Open ferrarimarco opened 4 years ago
If your command is talking to .org API endpoint, you should not need auth. The "auth" error message could be a red herring.
Here, I remove any existing travis.rb
configuration and invoke the lint command:
$ rm -rf ~/.travis && travis lint --debug --debug-http --skip-completion-check -x travis_production_test/.travis.yml
** reading travis_production_test/.travis.yml
** POST "lint" {"content"=>"language: ruby\ndist: bionic\n\nrvm: 2.5.4\n\ninstall: skip\nscript: skip\n\njobs:\n include:\n - stage: test\n - stage: deVeloP\n - stage: Test\n - stage: develop\n\n# matrix:\n# include:\n# - language: generic\n# - language: java\n # - sudo: false\n # dist: precise\n # env: DIST=precise STACK=EC2\n # - sudo: required\n # dist: precise\n # env: DIST=precise STACK=GCE\n # - sudo: false\n # dist: trusty\n # env: DIST=trusty STACK=EC2\n # - sudo: required\n # dist: trusty\n # env: DIST=trusty STACK=GCE\n # - sudo: false\n # dist: trusty\n # group: edge\n # env: DIST=trusty STACK=EC2 GROUP=edge\n # - sudo: required\n # dist: trusty\n # group: edge\n # env: DIST=trusty STACK=GCE GROUP=edge\n# - os: osx\n\nnotifications:\n email: false\n\n # slack:\n # rooms:\n # - secure: \"KZTfjxhkOdDDZYD2ThBILt2ShYtdEee3PudFZlQBfpxG9N470GfxnKVfOl7Odu4lN6cIupwC4S4BnehubEywSR99l60VmfhePUCTqDLYy+iR9+guTvaECdXdaau3jTKhFdu5u60ITsiw5Yb+hwAaGFO0HmQhqR9XVr/U8IGQlok=\"\n # template:\n # - \"Build {build_url}|#%{build_number}> (<%{compare_url}|%{commit}>) of %{repository}@%{branch} by %{author} %{result} in %{duration} (elapsed time: %{elapsed_time}) subject: %{commit_subject} message: %{commit_message} foobar\"\n # on_success: always\n"}
** took 0.11 seconds
Hooray, travis_production_test/.travis.yml looks valid :)

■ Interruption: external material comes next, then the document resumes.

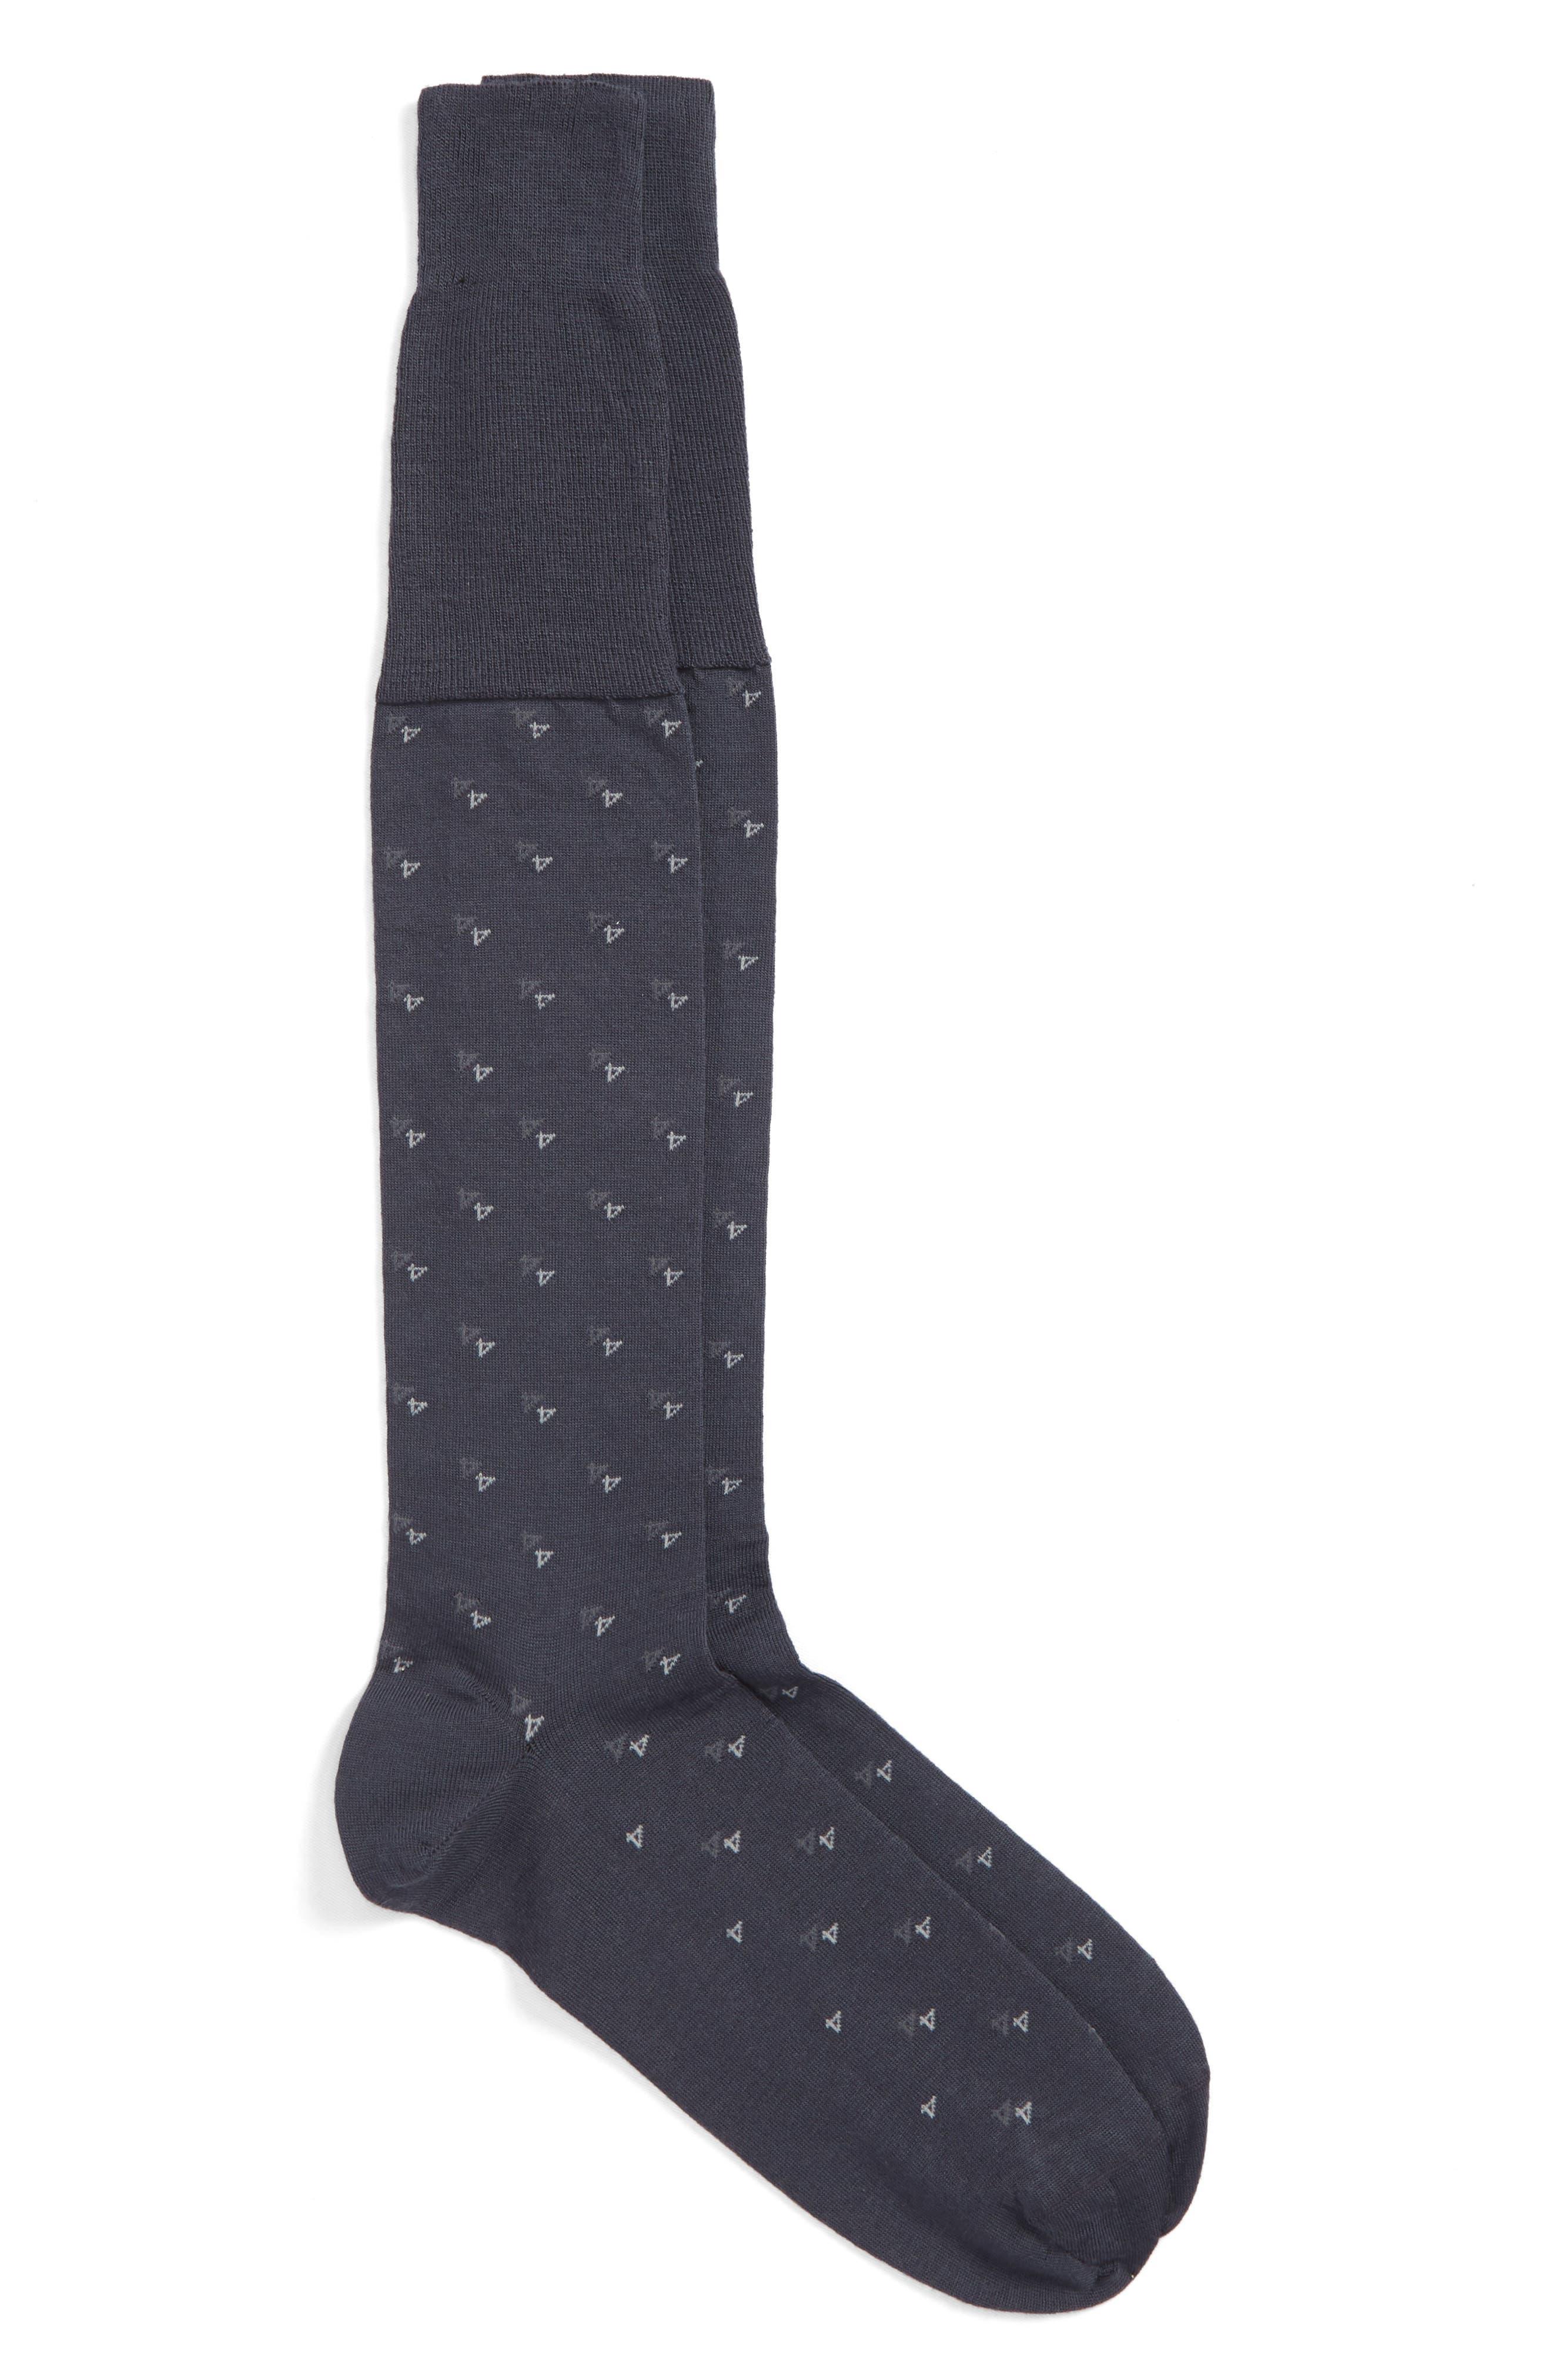 Geometric Over-the-Calf Socks,                             Main thumbnail 1, color,                             410

** Storing "/home/travis/.travis/config.yml"
.com API endpoint requires auth:
$ rm -rf ~/.travis && travis lint --debug --debug-http --skip-completion-check -x travis_production_test/.travis.yml --pro
not logged in, please run travis login --pro
The intermittent lint failures are a problem, and this is not the only report I've seen. Unfortunately, I have never seen one firsthand, and at the moment it is not clear to me why it might fail.
Wouldn't jobs in .com already run travis login --pro
implicitly then?
Hi!
The travis validate
command shouldn't be talking to any API to do its job, right? Or it's not the case?
@ljharb It does not do that at the moment. Whether it should is a valid (but separate) UX question. To be honest, I'd never thought it should, until you raised it.
@ferrarimarco I assume you mean travis lint
, not travis validate
. travis lint
works by talking to the API end point POST /lint
with required payload. As we have seen, this behavior seems to be a little unreliable. I'll dig a little deeper.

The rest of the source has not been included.